I am sure I don't have to tell you to "not" go down that snooping path. I used to be a snooper......the relationship before my current one cured me of that. First of all, I don't want to be in a relationship with someone that gives me reason to snoop (certainly there are those relationships mine was one). Secondly, my ex put a key logger on a computer he gave me just weeks into the relationship. I suspected it when we were going through a break up a year and a half later, but talked myself out of it. I kept that computer and used it for 2 years after, I even had it well into my relationship with RAH. (Funny thing is one of the "fantasy" ideals I had about the man was that he KNEW me so well.
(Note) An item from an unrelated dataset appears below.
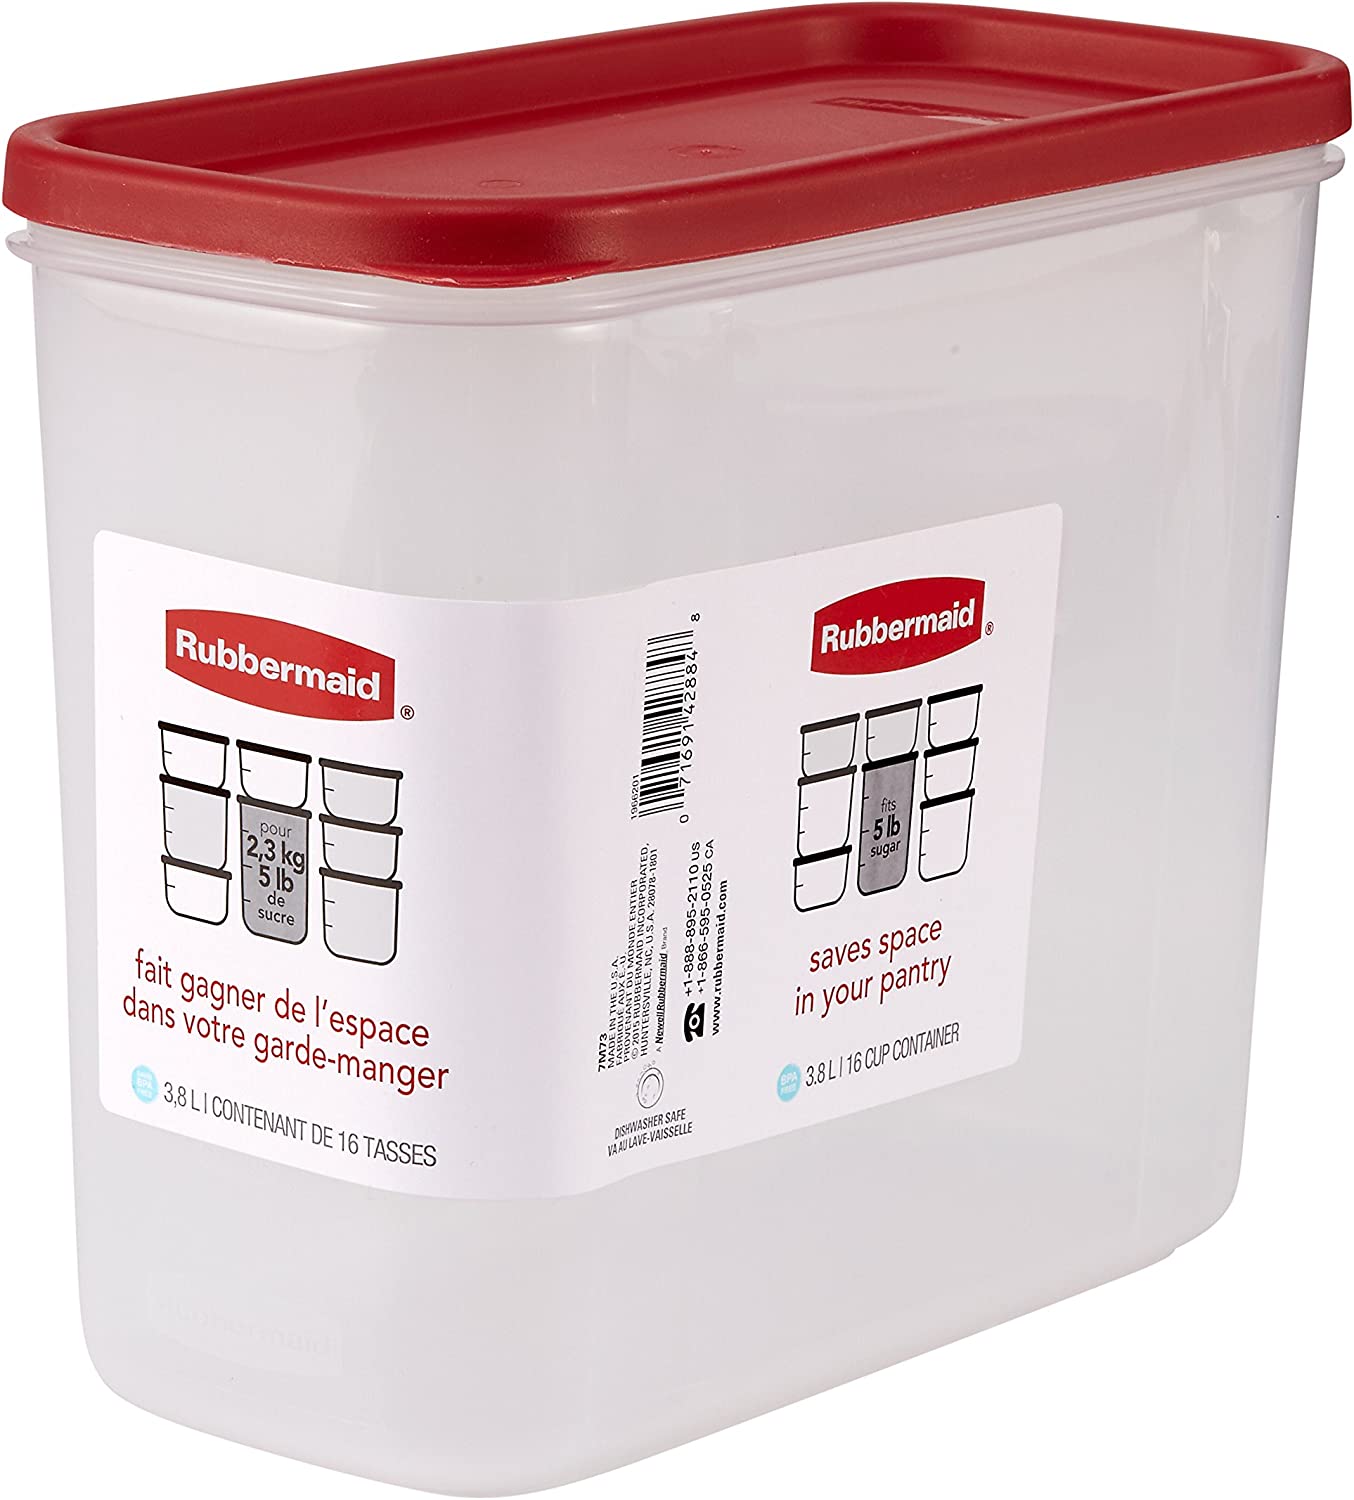 Rubbermaid pet food storage containers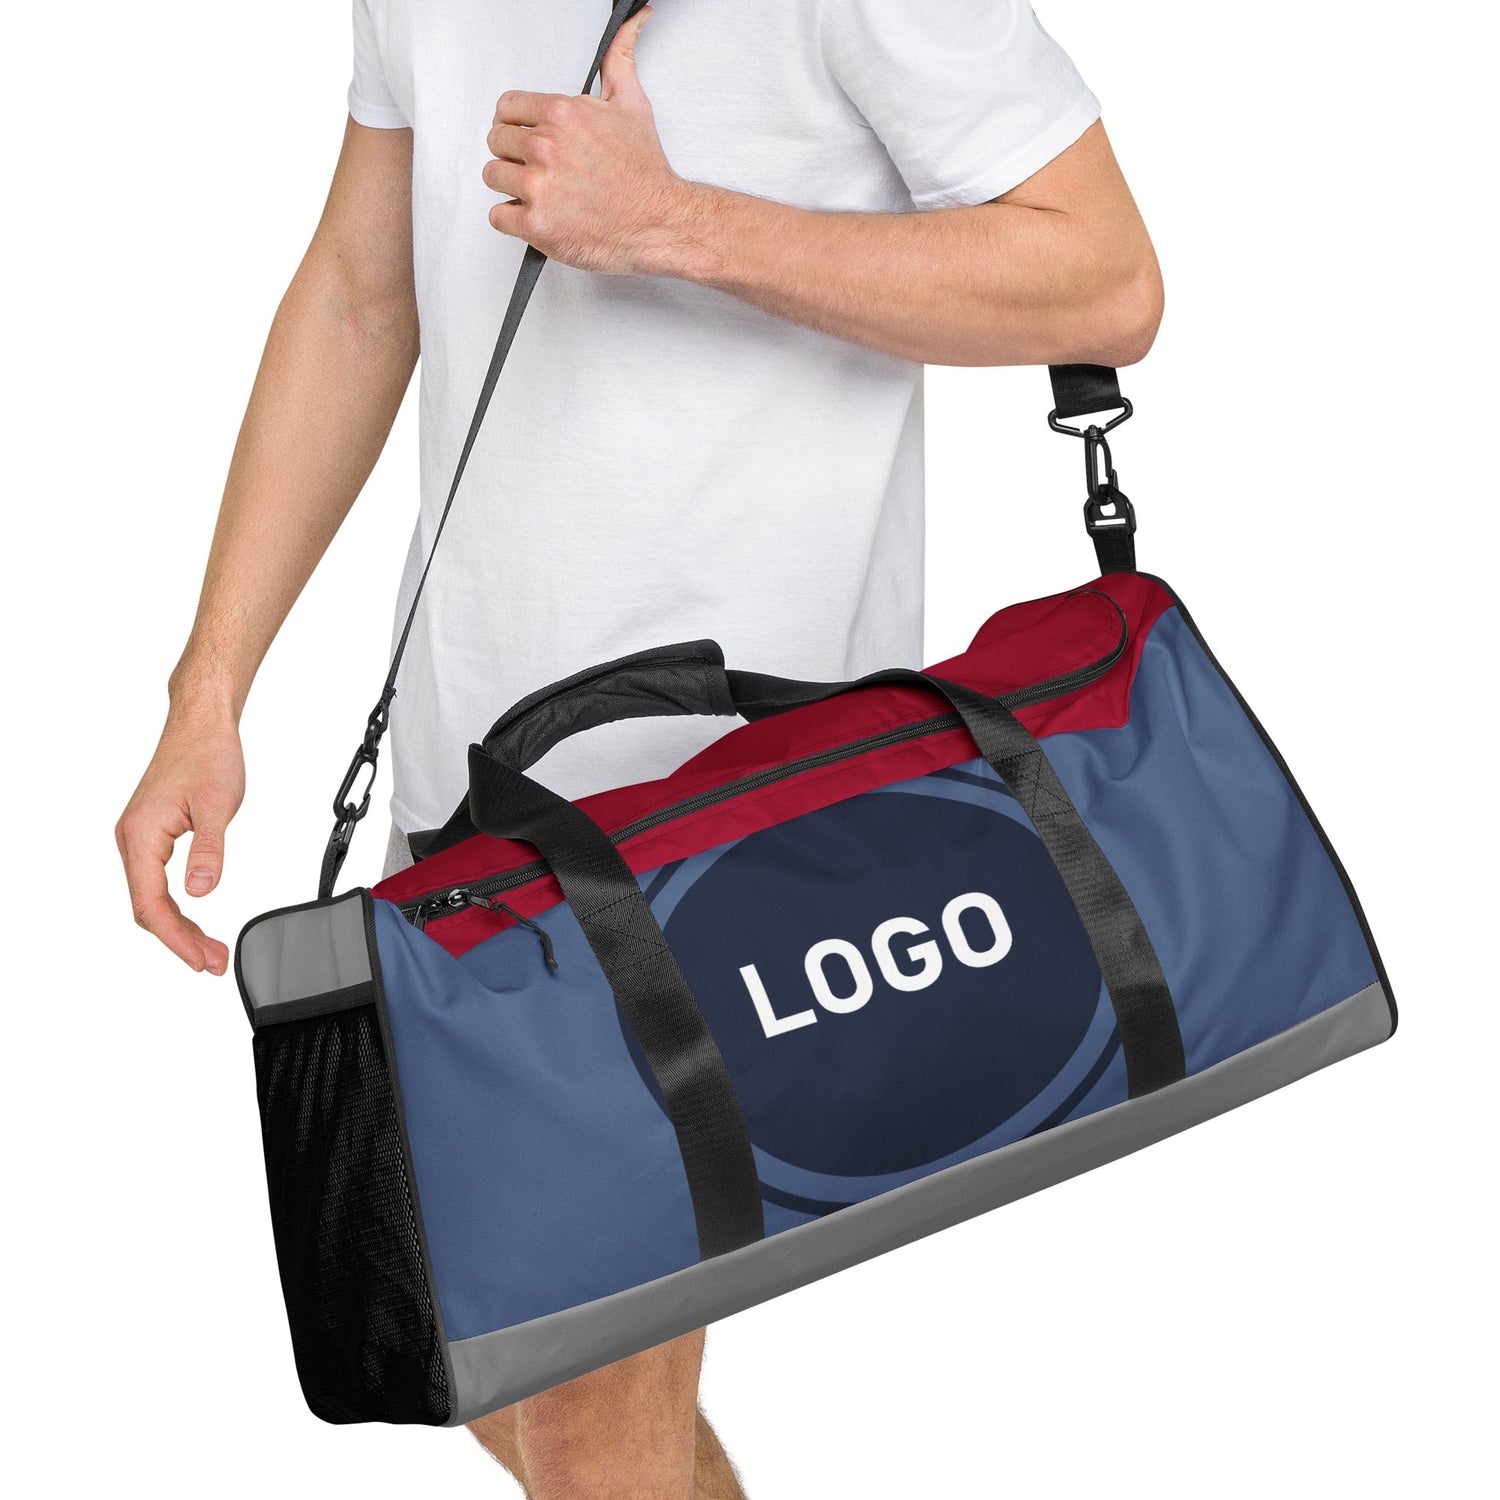 TIME OF VIBES TOV Reisetasche CORPORATE Demo - €159,00

LOL.Even after we broke up HA). When I finally had the computer searched for the key logger almost 4 years after I got it I can only describe that I felt I had been raped. If snooping is part of a relationship, Either you don't need to be that in relationship, or the person whom you are snooping on doesn't need to be in a relationship with YOU.

Getting over my "snoopy" ways was a real freedom. I am not kidding that in near 6 years I have never once gone through RAH phone or computer.

Sometimes there is a real reason, or something that happens to take a peek - we all know that. Our own insecurity is never a reason. Transparency in the relationship is one of the best ways to avoid that nagging "hmmm wonder if". Accessibility, for me is pertinent. If my ex and I were traveling I always ad to ask him for a password to use a computer (which he never gave me but I knew anyway lol), and he would always have to open the computer first, and dilly dally on it before he would hand it to me. He was attached to his phone as if it were an appendage, and changed the passcode if ever he had to give t to me if I needed to use his phone (that became cat and mouse games of me trying to get the passcode. He stuck by that there was such secret information regarding his" top secret" work on the phone that he would be in legal violation for anyone to know the passcode. Yeah, right).

As you continue your recovery I really hope the jealousy and insecurity will fade - I think it will because you have come so far and are so introspective. No one should have to pay for the crimes of another.